Рождено в бане. За ним последовало:

С печальным шумом

обнажалась… На севере диком

стоит одиноко…

И т. д.

Это не просто ирония непризнанного над признанным, это ирония бесписьменного над письменным. К классикам – еще любовная. Как у А.К. Толстого – к Пушкину:

Когда бы не было тут Пресни,

От муз с харитами хоть тресни.


Так что «Белеет Ленин одинокий» – это не ирония по отношению к юному гению Лермонтову и даже не нелюбовь к Ленину, а некая идиосинкразия к другу подпольщиков, дворянскому мальчику Пете, герою прославленного романа для юношества Катаева, «ученика» Бунина, – тому Пете, которым нас с детства кормили с ложки наряду с Павкой и Павликом. Чем объяснить у очень умного и зрелого человека такую долгую, навязчивую до и под-, и бессознательного неприязнь? Не умом же? А тем, что природный ум десятилетиями истязается одним и тем же, а именно и только тем, что не есть предмет не только изощренного, но и никакого ума. Ум восстает на новоявленный язык. Естественно – как желудок. Он отказывается переваривать, исторгает. Очищается.

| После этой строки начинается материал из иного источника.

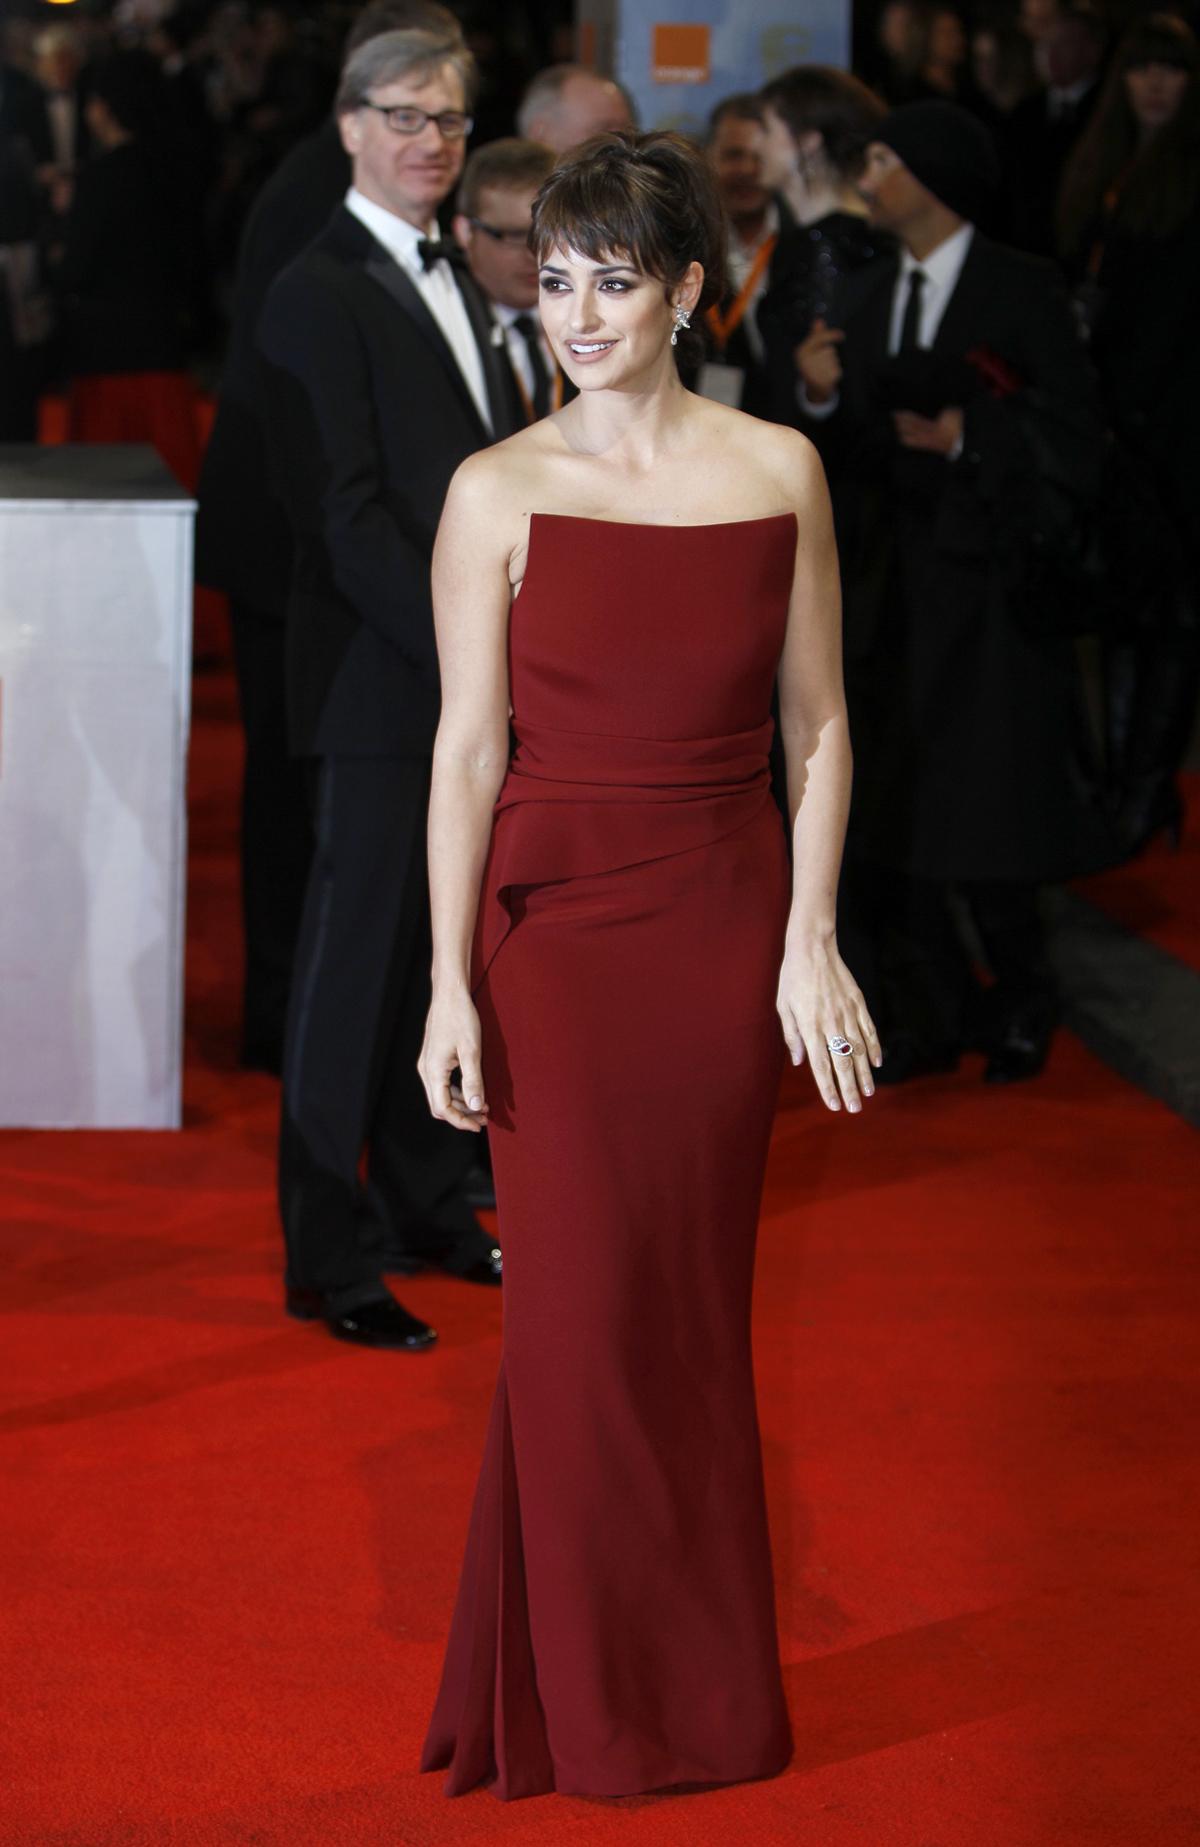 Penelope Cruz at BAFTA Awards 2012 in London Photo 1200x1847
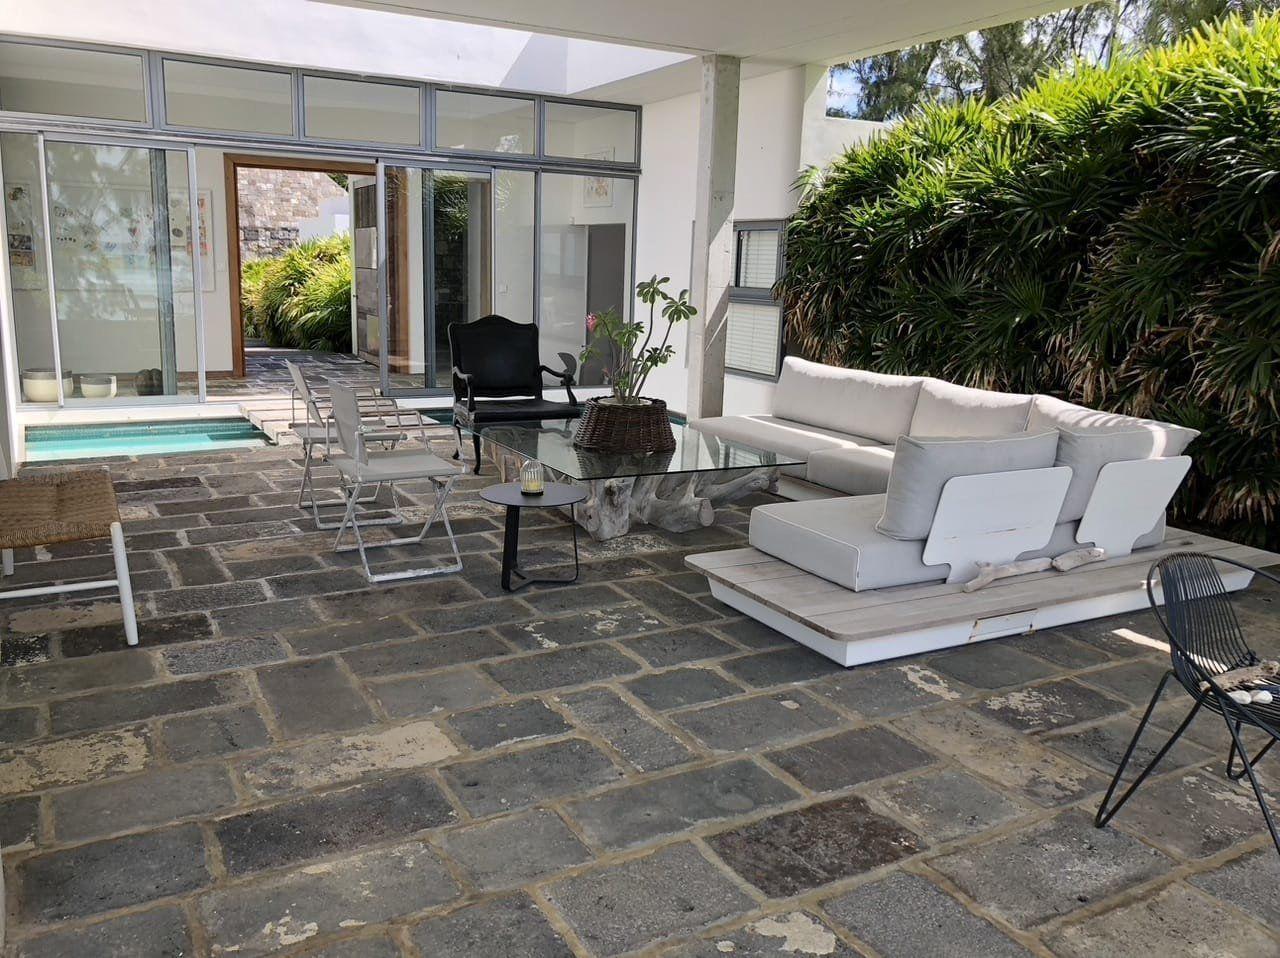 Maison à vendre 5 3657.57m2 à Ile Maurice vignette-16

«Первые книги, которые выйдут в России без цензуры, – говорил Пушкин незадолго до гибели, – будет полное собрание сочинений Баркова». Полтораста и еще пять лет спустя этот завет остается невыполненным. Эти последние наши пять лет – пятилетка гласности – особенно наглядны. Цензуры не стало как никогда, однако она оставила за собой по крайней мере три пункта: военную и государственную тайну, пропаганду войны и насилия и порнографию. Военная и государственная тайна не выбалтывается, однако, нынче лишь до тех пор, пока она никому, включая ее носителей, не известна. Пропаганда войны и насилия либо вообще несвойственна психически нормальному человеку, либо стала такой нормой жизни, что никем не замечается, как наши лозунги. Порнография настолько традиционно не развита, что ее можно было бы и не заметить невооруженным глазом, как чуть завернувшуюся на ветру юбочку, если бы не сам цензурный запрет. Ибо под запрет попал язык, а не описание. То есть мат – единственная оставшаяся в живых природная и родная часть языка нашего.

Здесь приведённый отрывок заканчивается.